## Supplied material
:::::
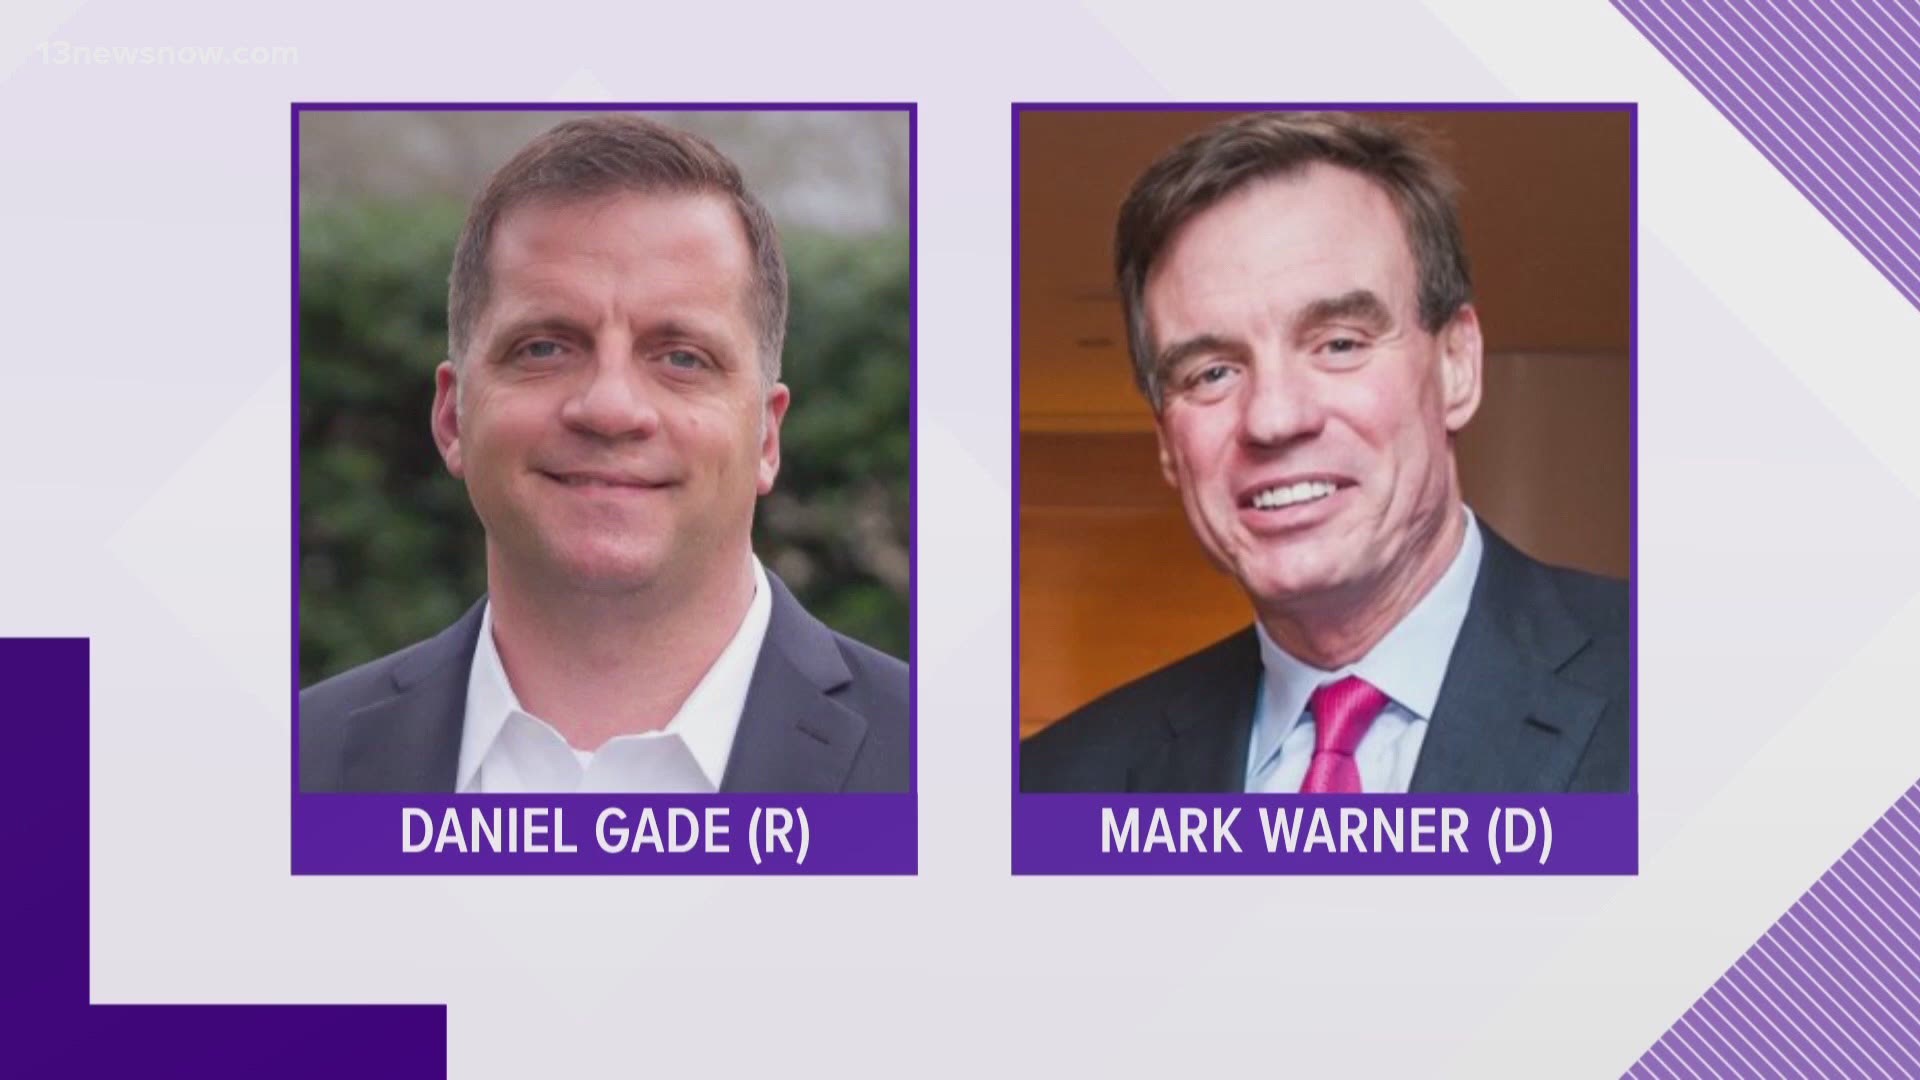 Gade got 67% of the vote in Virginia's June 23 primary, against two other Republican candidates for the Senate race.
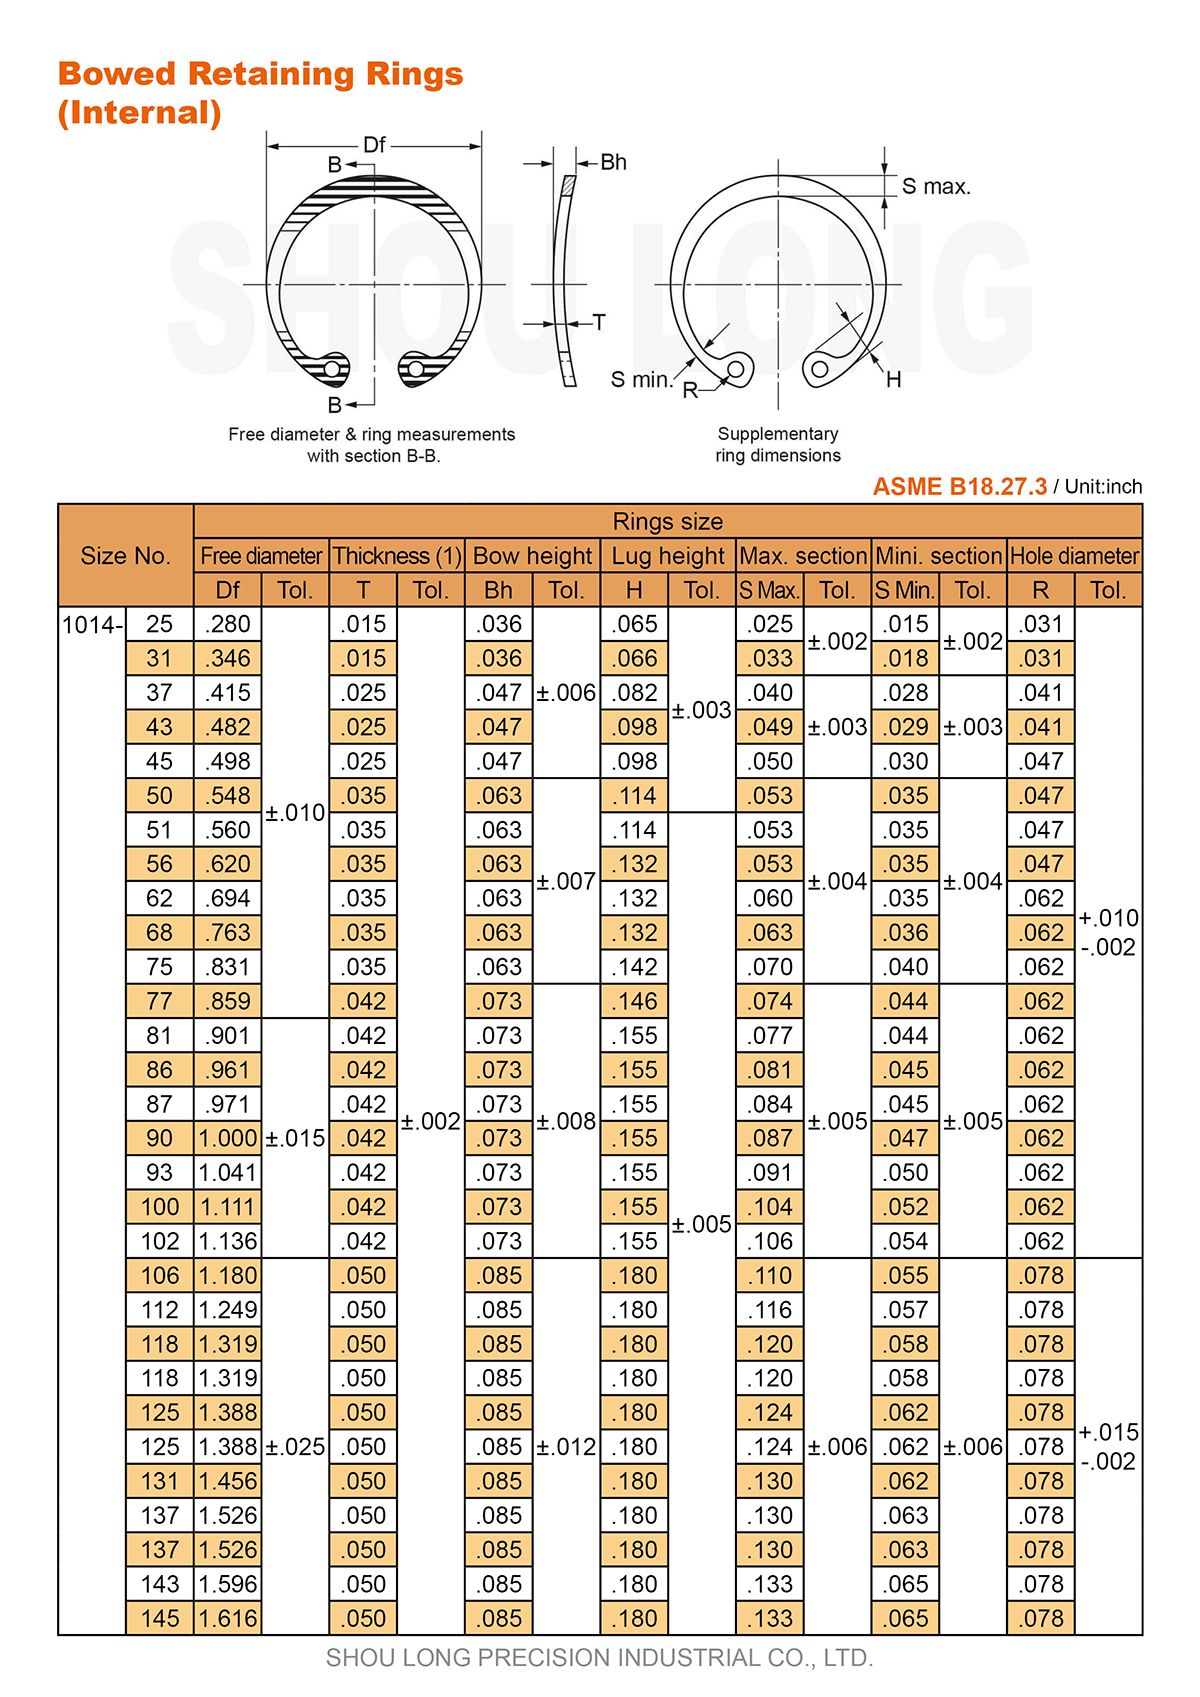 Spec of Inch Bowed Retaining Rings for Bores ASME/ANSI B18.27.3-1
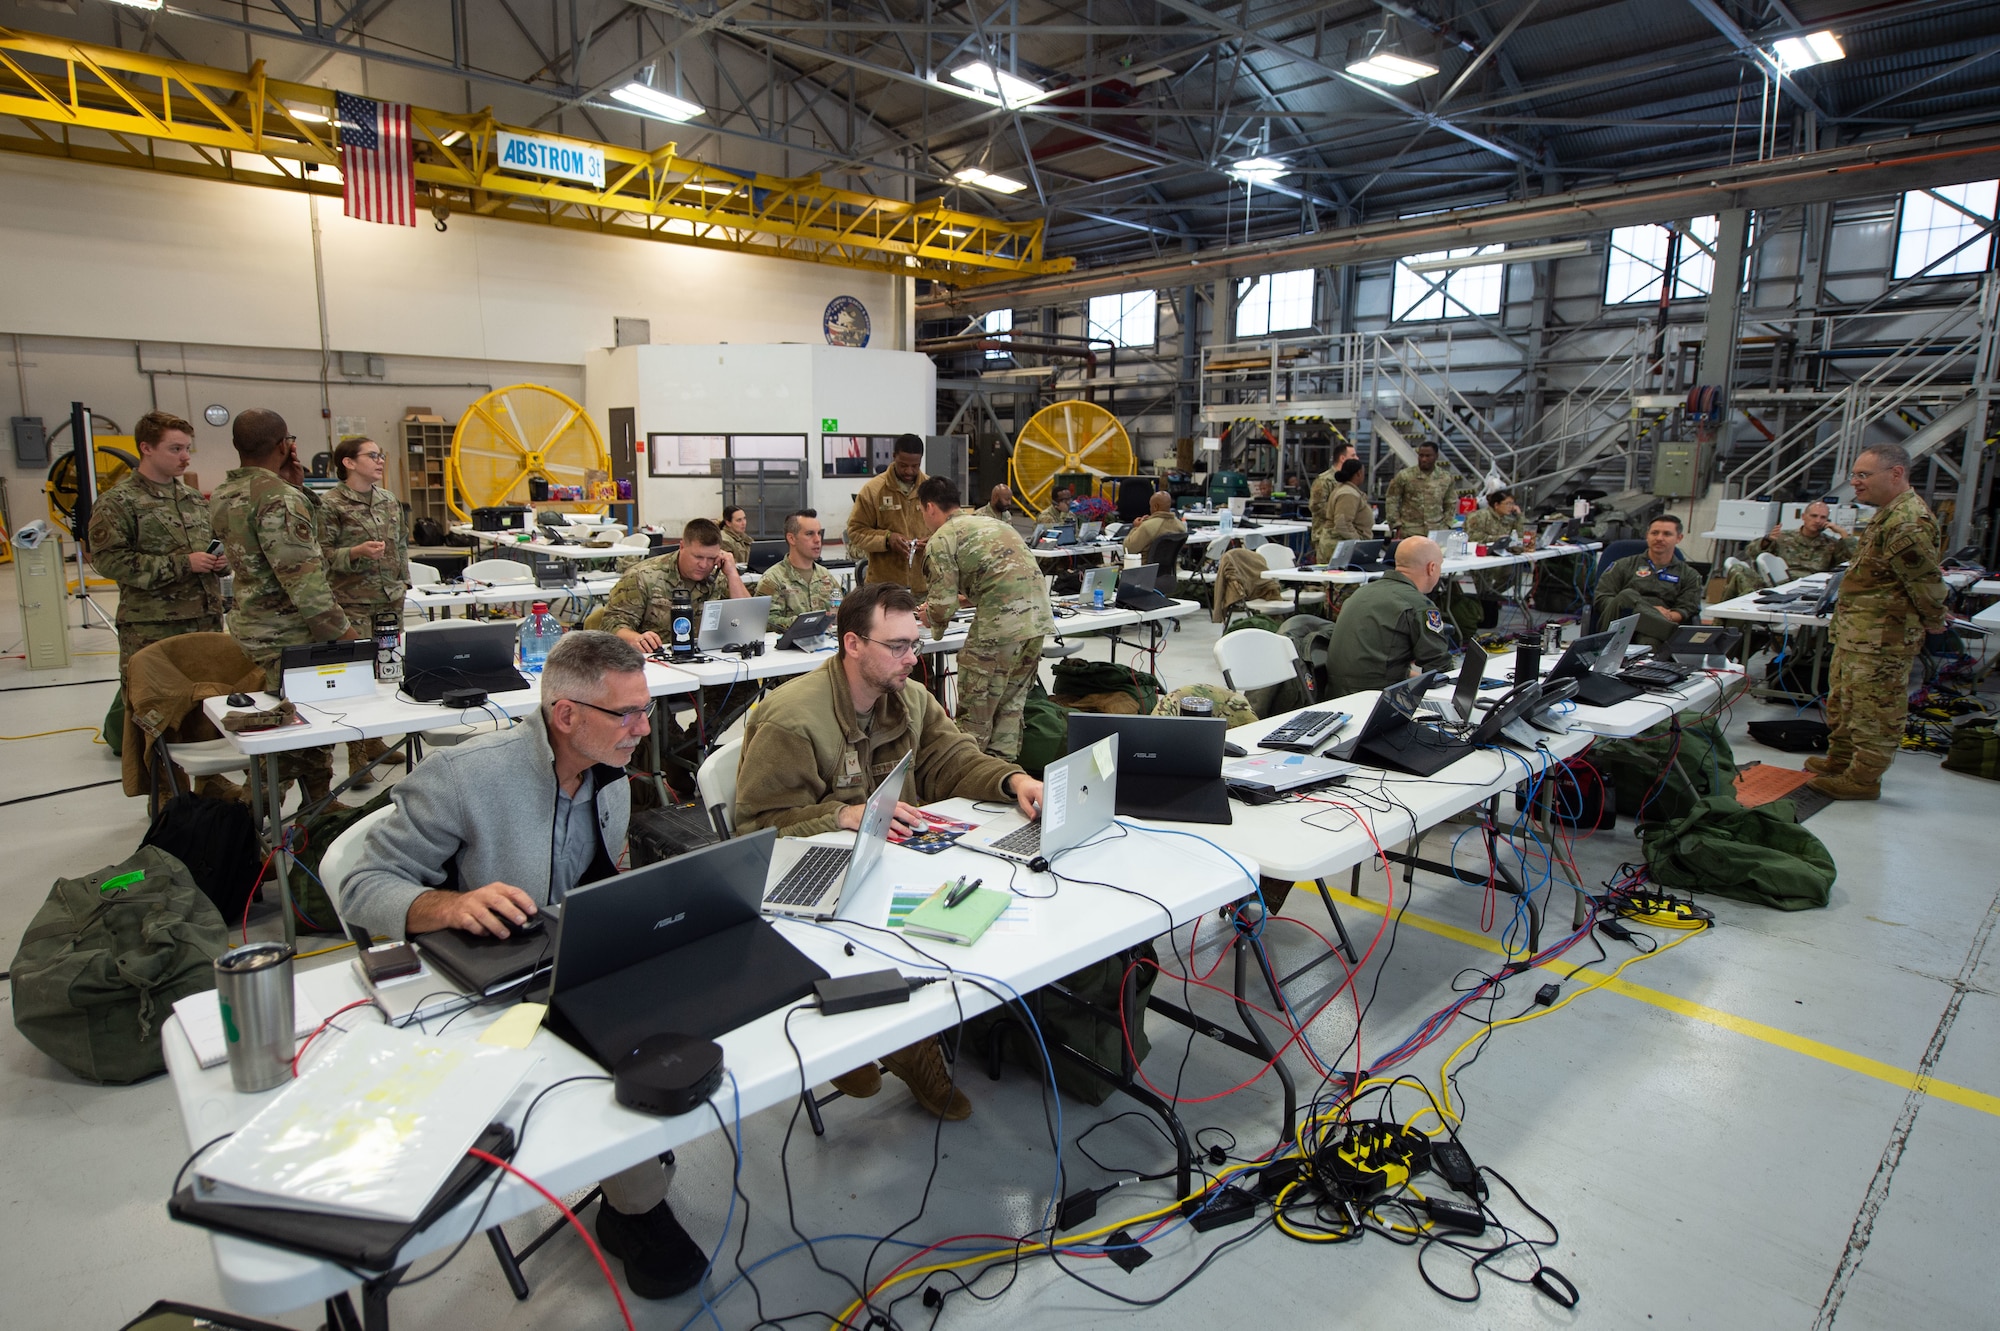 U.S. Air Force Airmen assigned to the 23rd Wing manage activities for exercise Mosaic Tiger 24-1 at the Wing Operations Center at Moody Air Force Base, Georgia, Nov. 15, 2023. The WOC acted as the central hub for command and control for participants of the readiness exercise. (U.S. Air Force photo by Airman Cade Ellis)
:::::
## Your assignment
Leave the pictures out and copy the rest of the data exactly.

## Exercise response
 Gade got 67% of the vote in Virginia's June 23 primary, against two other Republican candidates for the Senate race.
 Spec of Inch Bowed Retaining Rings for Bores ASME/ANSI B18.27.3-1
 U.S. Air Force Airmen assigned to the 23rd Wing manage activities for exercise Mosaic Tiger 24-1 at the Wing Operations Center at Moody Air Force Base, Georgia, Nov. 15, 2023. The WOC acted as the central hub for command and control for participants of the readiness exercise. (U.S. Air Force photo by Airman Cade Ellis)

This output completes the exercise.